Jianghai Plain
- Chinese: 江海平原
- Location: Yangtze River Delta
- Formation time: 6,000 years ago
- Alternative names: Nantong Plain Rugao Plain

= Jianghai Plain =

Plain in China

Jianghai Plain or River and Sea Plain (short for Yangtze River-Yellow Sea Plain, 江海平原 (江海平原, Jiānghǎi píngyuán)), also known as Nantong Plain (南通平原) or Rugao Plain (如皋平原), is a plain is located in the Yangtze River Delta.

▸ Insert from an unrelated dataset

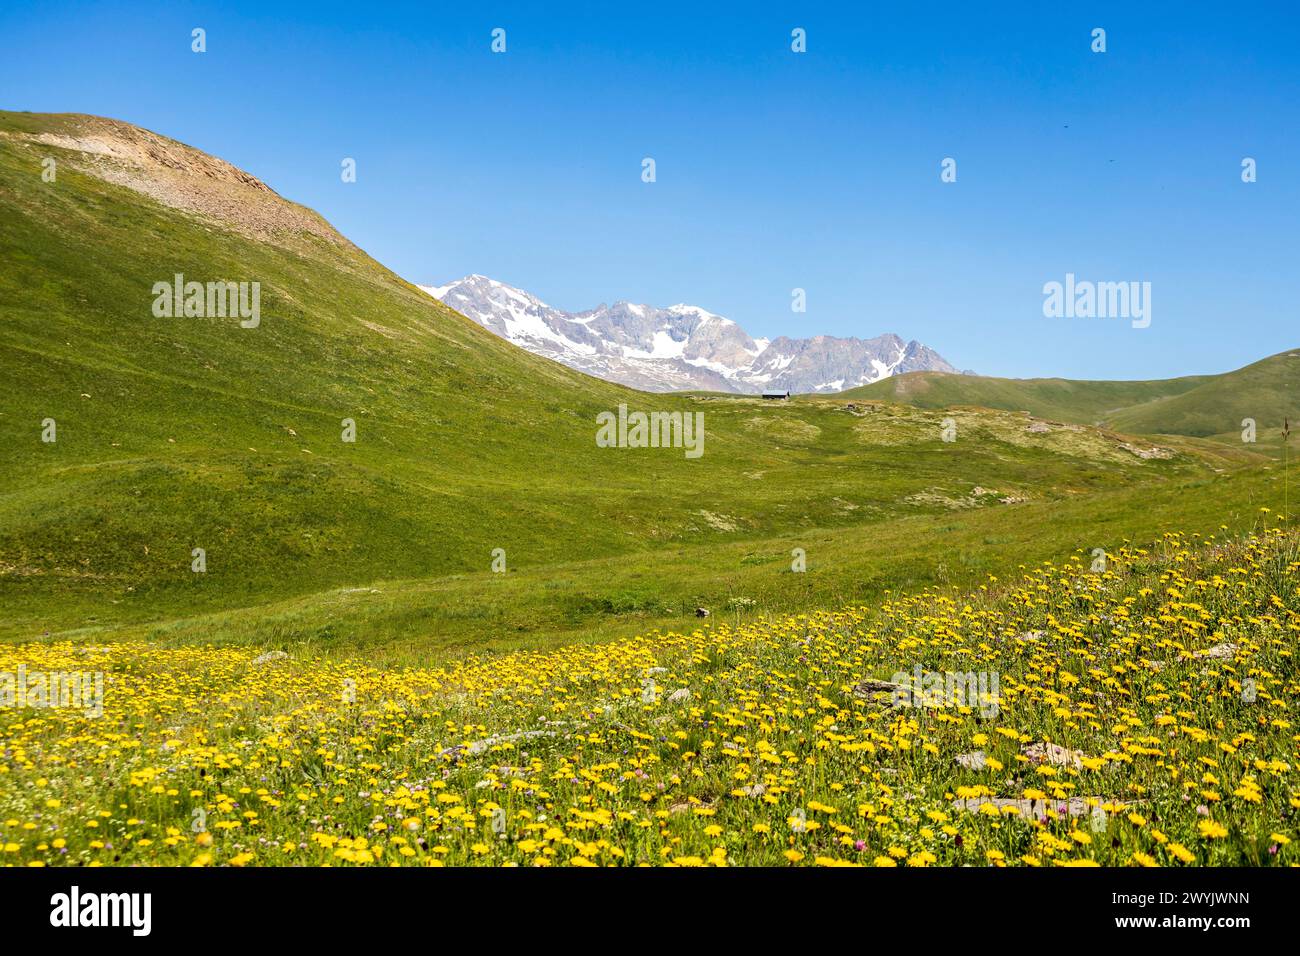 Francia, Isère, Mizoën, valle di Oisans, prato fiorito nella valle del Rif TORT, le cime delle Grandes Rousses sullo sfondo Foto Stock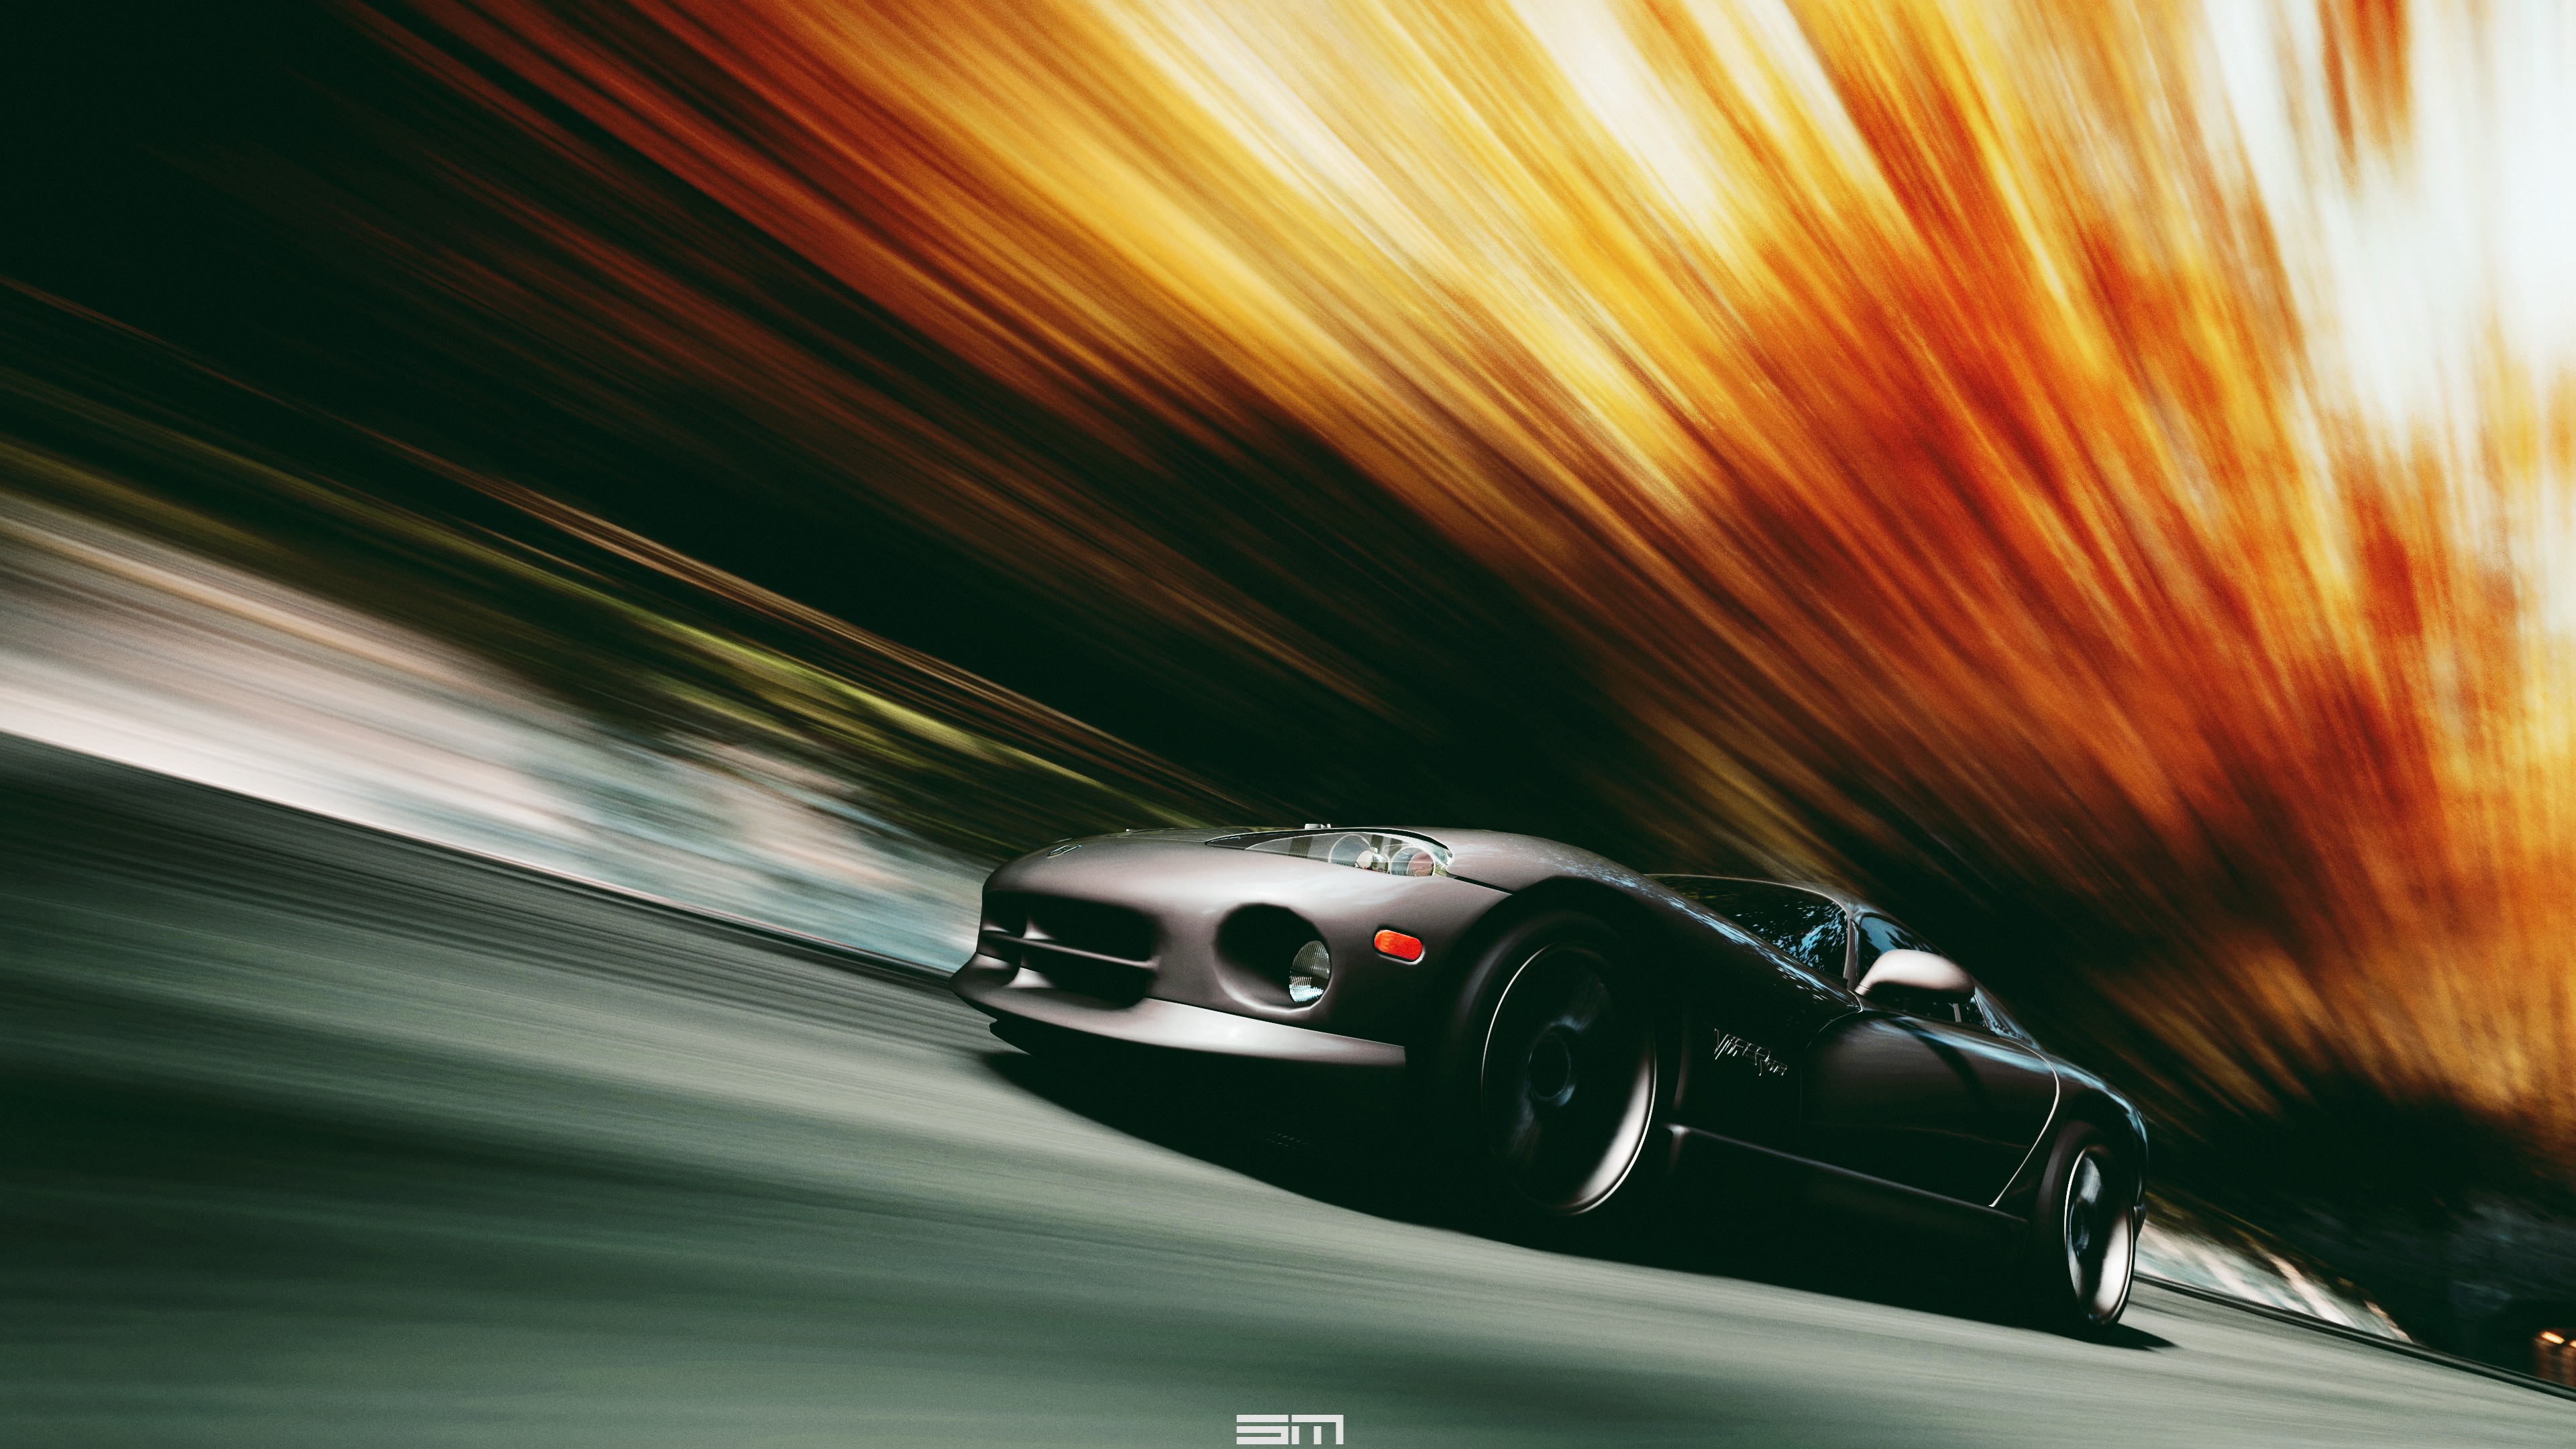 VIPER, Dodge Viper, Car, Motion Blur, Black Cars Wallpaper

It is the estuary of the Yangtze River.

Zhang Jian, an industrialist in the period of late Qing Dynasty and early Republic of China (清末民初), planned the pattern of "one city and three towns" on the Jianghai Plain, making Nantong "the first city in modern China".

==Named==
In the noun "River and Sea Plain", "River" refers to the Yangtze River, and "Sea" refers to the Yellow Sea. This plain is called the "River and Sea Plain" because it is formed by the mutual impact of the Yangtze River and the Yellow Sea.

==Time of formation==
The discovery of the Qingdun Site (青墩遗址) in 1973 changed the view that there were no sites in the eastern part of Jianghuai during the Neolithic period and advanced the history of the Jianghai Plain by more than 3,000 years. Therefore, the history of the Plain can be traced back to over 6,000 years ago.